A news interview of a father and son shortly after the attacks in Paris has gone viral, with the wise and compassionate words of father to son, “…The flowers and the candles are here to protect us.” (France’s Le Petit Journal).
May it be so. I cannot assume to know the fear and terror that many experienced first hand. I know that many other awful, terrible, tragic events unfold daily around the globe. In all of this, I hold on to hope. I echo the words of this father, in an attempt to ease both his own and his son’s fear.
May we collectively hold on to the light, life and hope that expresses itself through flowers and somehow work toward peace.

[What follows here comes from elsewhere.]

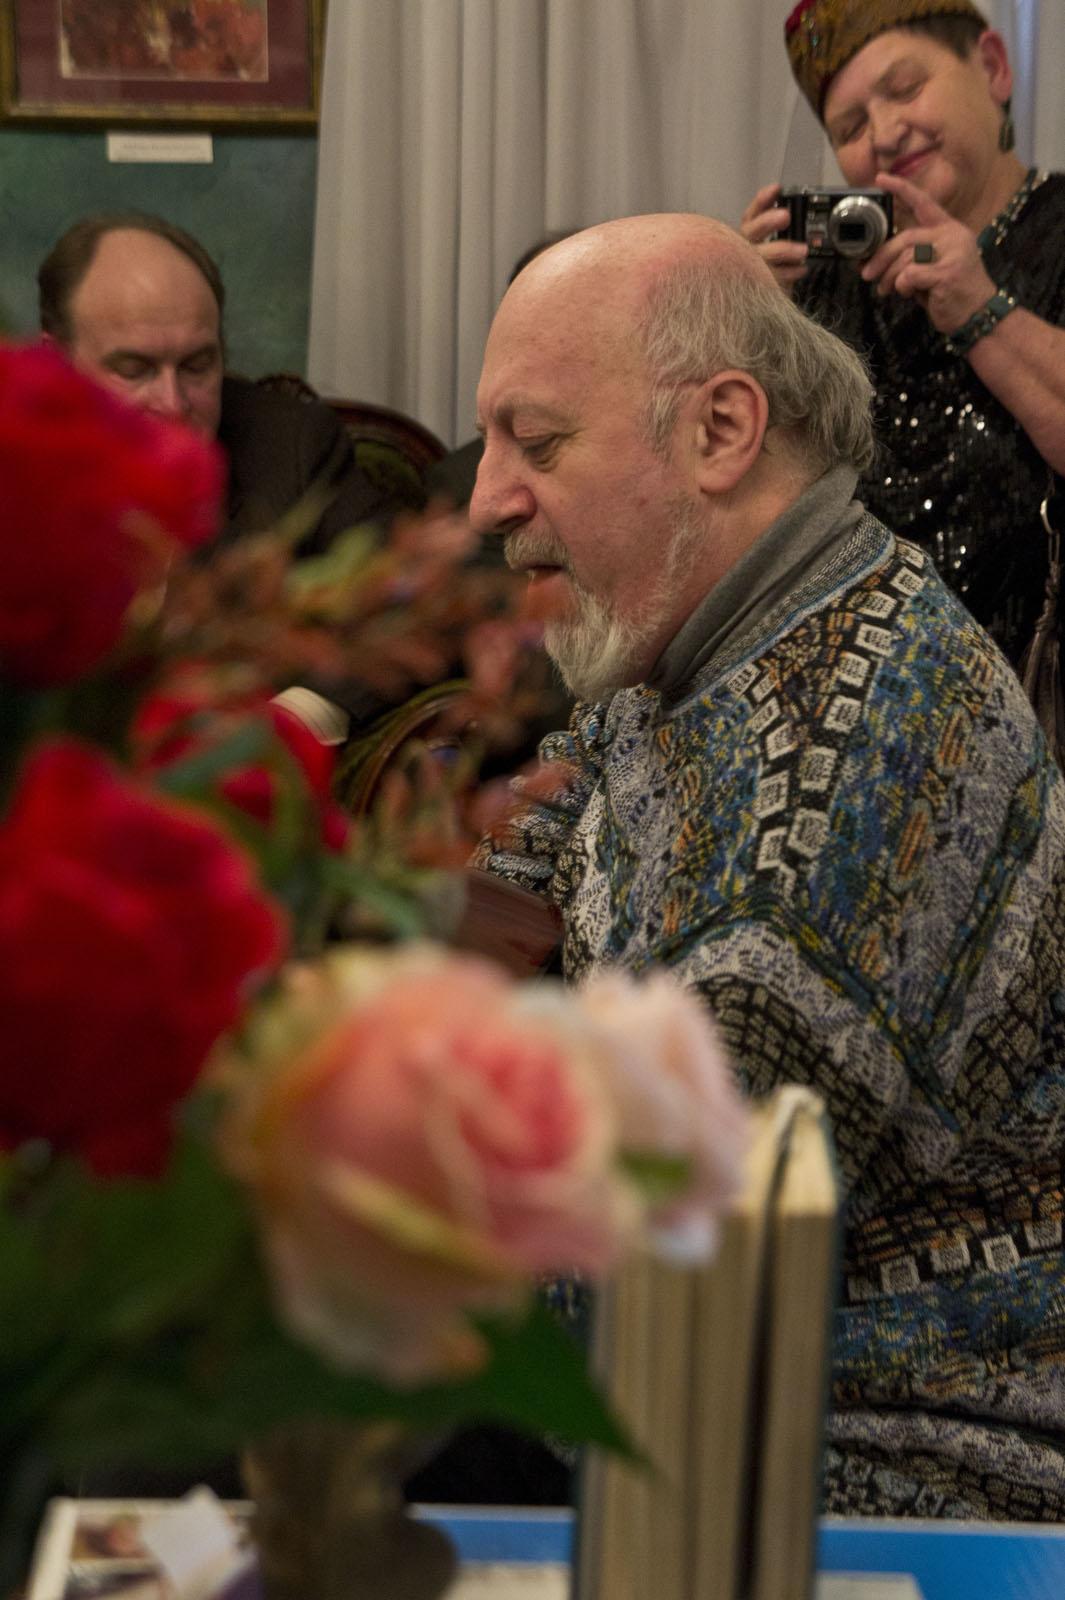 Фото №73618. Борис Григорьевич Вайнер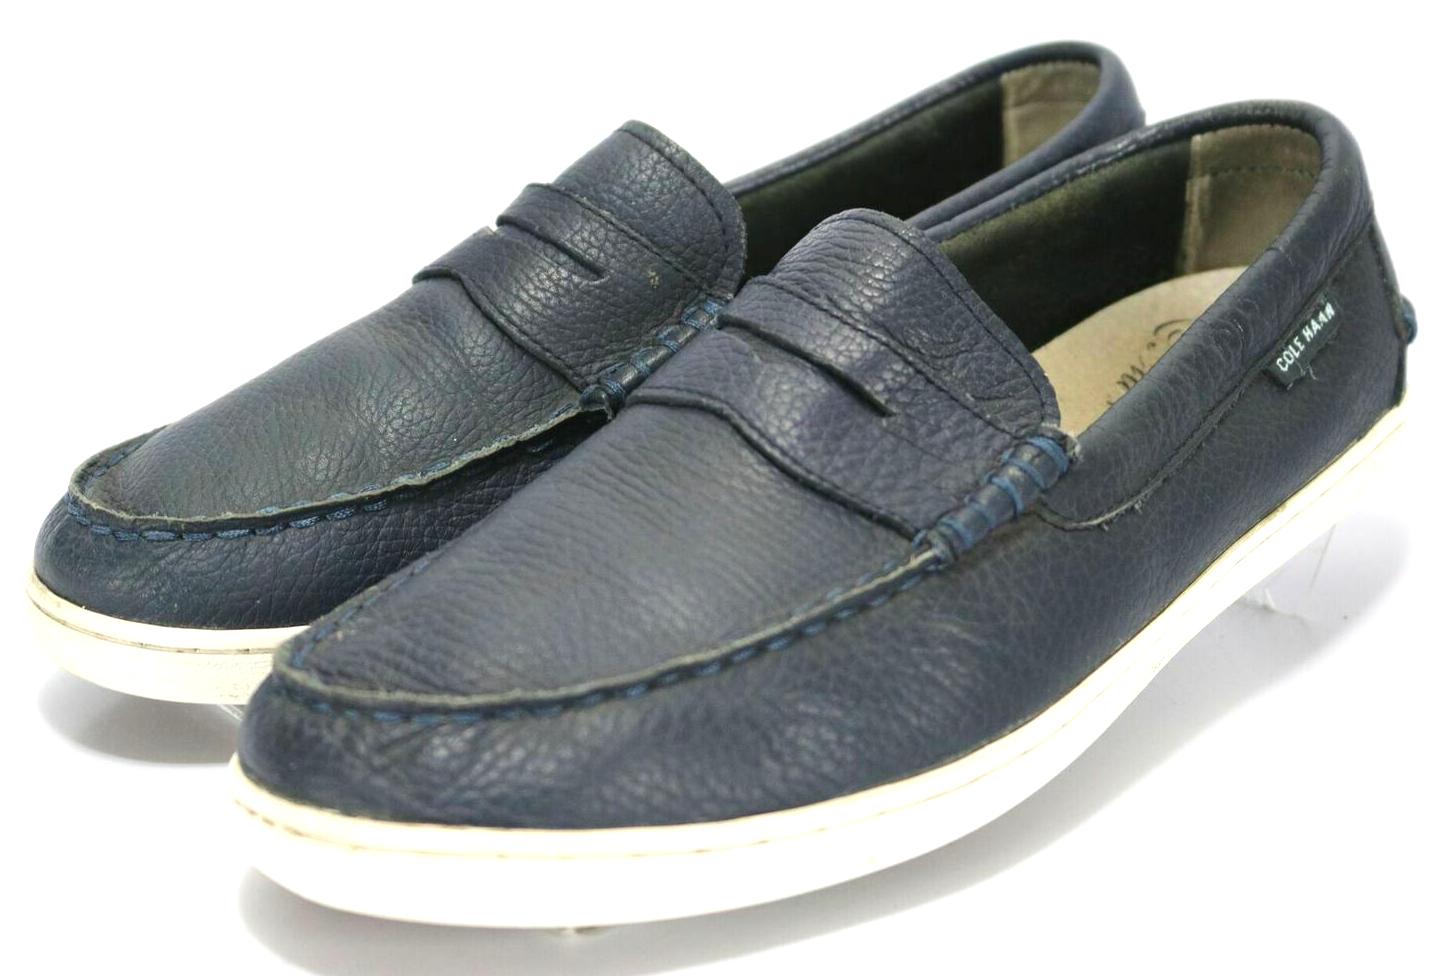 Cole Haan Men's Pinch Weekender  120 Penny Loafers Size 9.5 bluee

When the Roses Speak, I Pay Attention
by Mary Oliver
As long as we are able to be extravagant we will be hugely and damply extravagant. Then we will drop foil by foil to the ground. This is our unalterable task, and we do it joyfully.”
And they went on. “Listen, the heart-shackles are not, as you think, death, illness, pain, unrequited hope, not loneliness, but lassitude, rue, vainglory, fear, anxiety, selfishness.”
Their fragrance all the while rising from their blind bodies, making me spin with joy.
Beautiful.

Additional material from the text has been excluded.